Needs, Values, and Motivation

Learning Objectives

  • Discuss the role of needs and values in motivation.

Motivational appeals are a type of psychological appeal used by speakers to inspire or encourage their audience to do something. Motivational appeals target an audience’s emotions, needs and values.

Reiss’s 16 Basic Desires

Psychology professor Steven Reiss developed a theory of sixteen needs and values that motivate human beings.[1]

  1. Thumbs up icon Acceptance, the need to be appreciated
  2. A curious person. Curiosity, the need to gain knowledge
  3. icon of bowl of soup Eating, the need for food
  4. Parent and childFamily, the need to take care of one’s offspring
  5. A medal of honor Honor, the need to be faithful to the customary values of an individual’s ethnic group, family, or clan
  6. Scales of justice Idealism, the need for social justice
  7. A paper airplane flying out of formation Independence, the need to be distinct and self-reliant
  8. A calendar and a clock Order, the need for prepared, established, and conventional environments
  9. person stretching Physical activity, the need for work out of the body
  10. Controller Power, the need for control of will
  11. hearts Romance, the need for mating or sex
  12. Piggy bank Saving, the need to accumulate something
  13. Two people talking Social contact, the need for relationship with others
  14. An important person Social status, the need for social significance
  15. person in hammock Tranquility, the need to be secure and protected
  16. A sword Vengeance, the need to confront or resist those who hurt or offend

With these motivators in mind, we can then proceed to think about ways to appeal to an audience’s emotions, needs, and values.

Maslow’s Hierarchy of Needs

One common approach when designing motivational appeals is to make use of Abraham Maslow’s model of human needs. Maslow arranged human needs into a hierarchy and he insisted higher-level needs on the hierarchy cannot be achieved before lower-level needs are met. What this means for persuasion is that you cannot motivate an audience to address a higher-level need until their lower-level needs are fulfilled.

Maslow’s model of needs in order from low to high level:

  • Physiological needs: Food, drink, sleep, shelter.
  • Safety needs: Personal protection and safety from threat, crime, dangerous weather, loss of property, etc.
  • Love and belonging needs: Love, affection, belonging.
  • Esteem needs: Desire for stable, high-evaluation of the self and acceptance by others.
  • Self-actualization needs: The need to achieve our highest sense of who we can become.
A triangle is divided vertically into five sections with corresponding labels inside and outside of the triangle for each section. From top to bottom, the triangle's sections are labeled: “self-actualization” corresponds to “Inner fulfillment”; “esteem” corresponds to “self-worth, accomplishment, confidence”; “social” corresponds to “family, friendship, intimacy, belonging”; “security” corresponds to “safety, employment, assets”; “physiological” corresponds to “food, water, shelter, warmth.”

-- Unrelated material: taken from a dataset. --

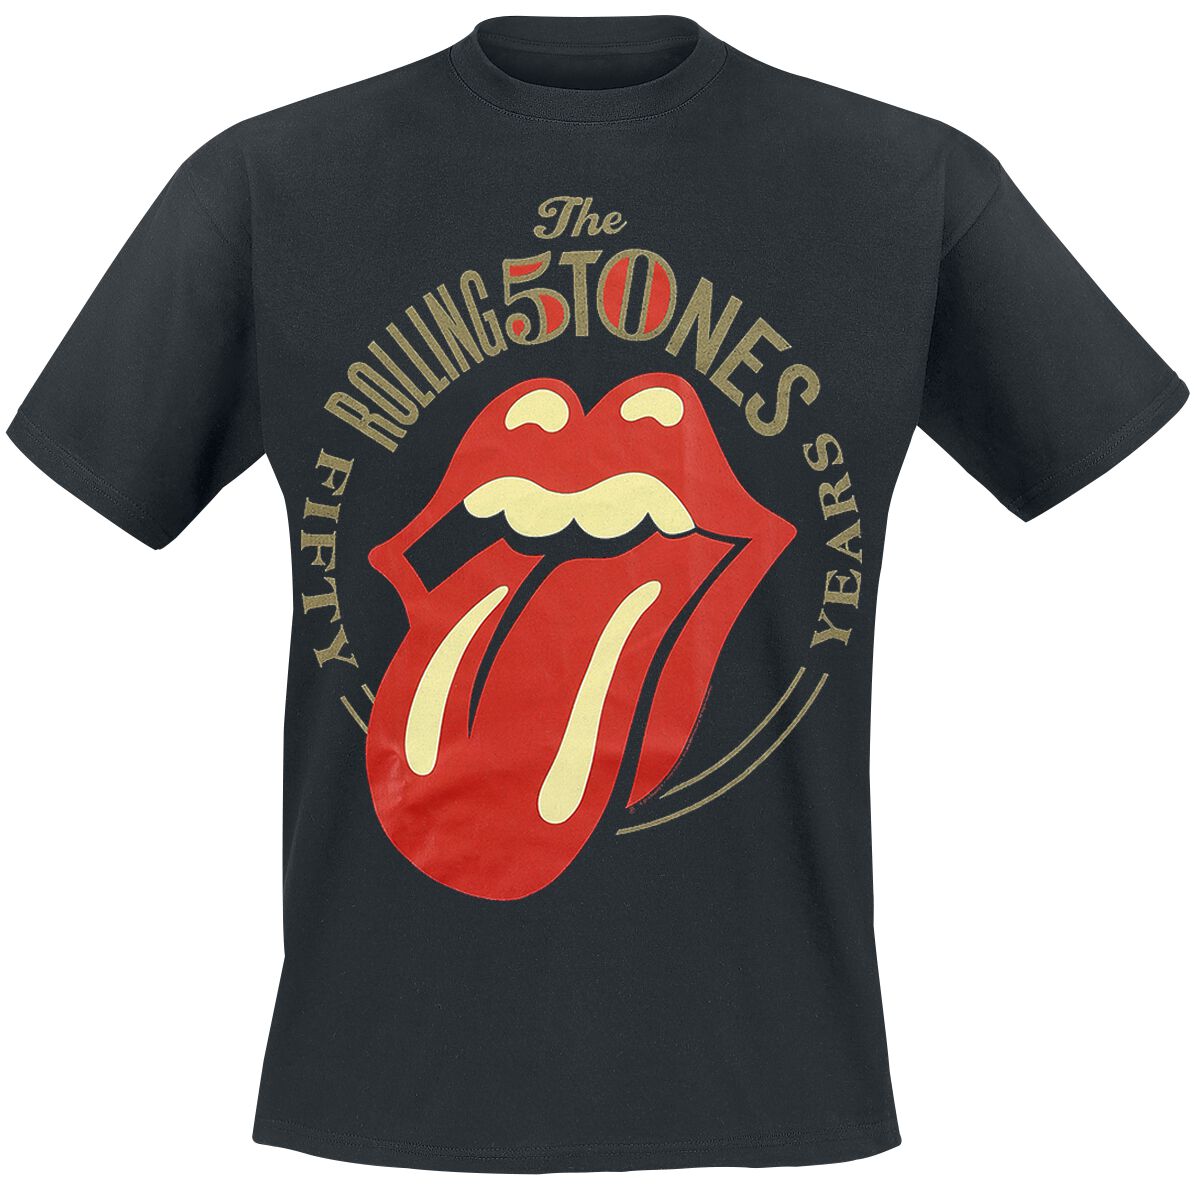 The Rolling Stones T-Shirt - 50 Years - M bis 3XL - für Männer - Größe 3XL - schwarz  - Lizenziertes Merchandise!
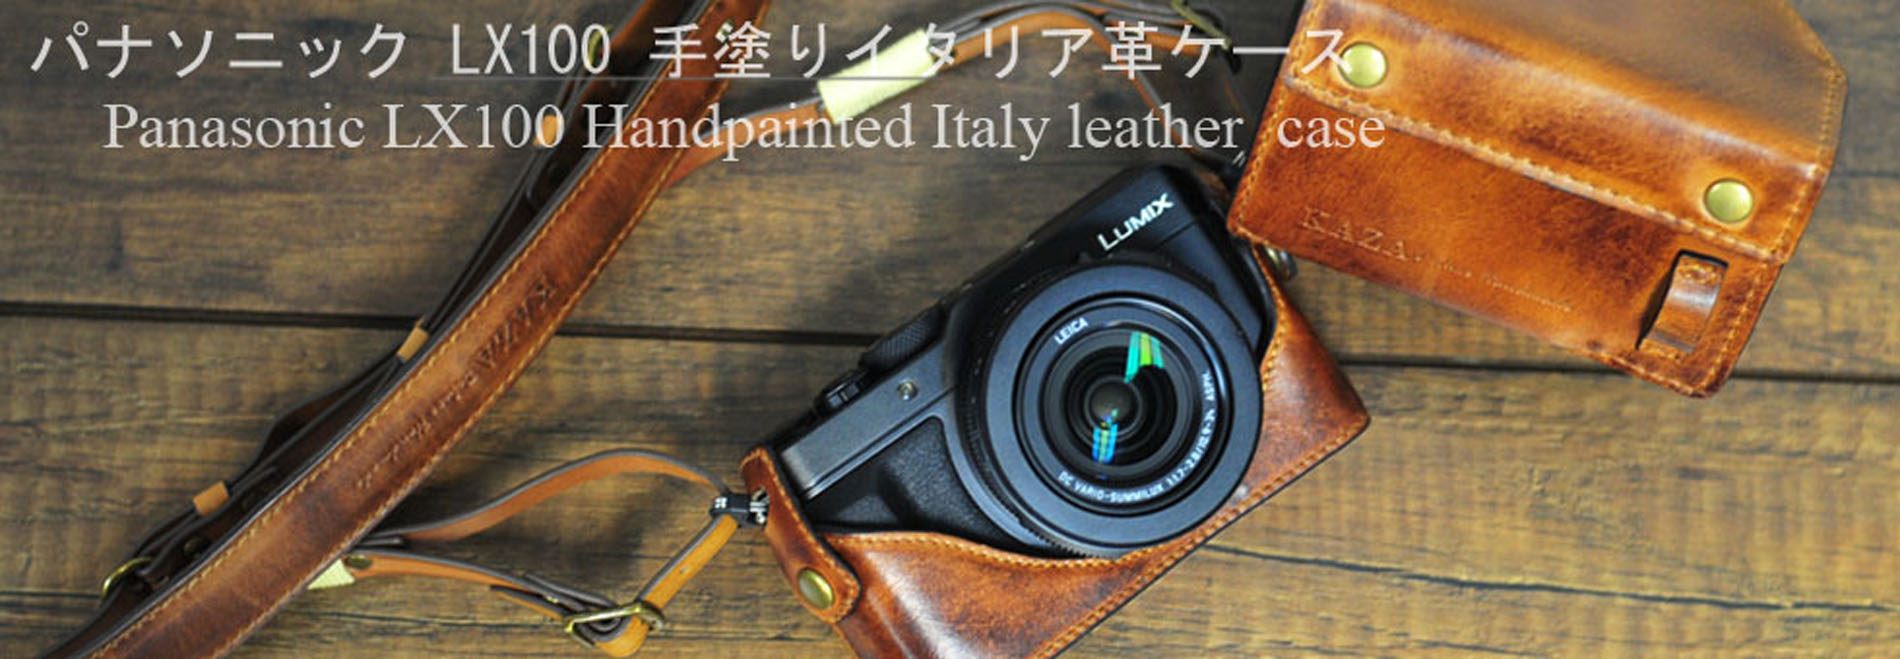 Panasonic lx100 相機皮套 Leather case パナソニック LX100 カメラケース by KAZA

Maslow’s hierarchy of needs is illustrated here. In some versions of the pyramid, cognitive and aesthetic needs are also included between esteem and self-actualization. Others include another tier at the top of the pyramid for self-transcendence.


  1. Reiss, Steven. "Multifaceted nature of intrinsic motivation: The theory of 16 basic desires." Review of general psychology 8.3 (2004): 179–193, 187.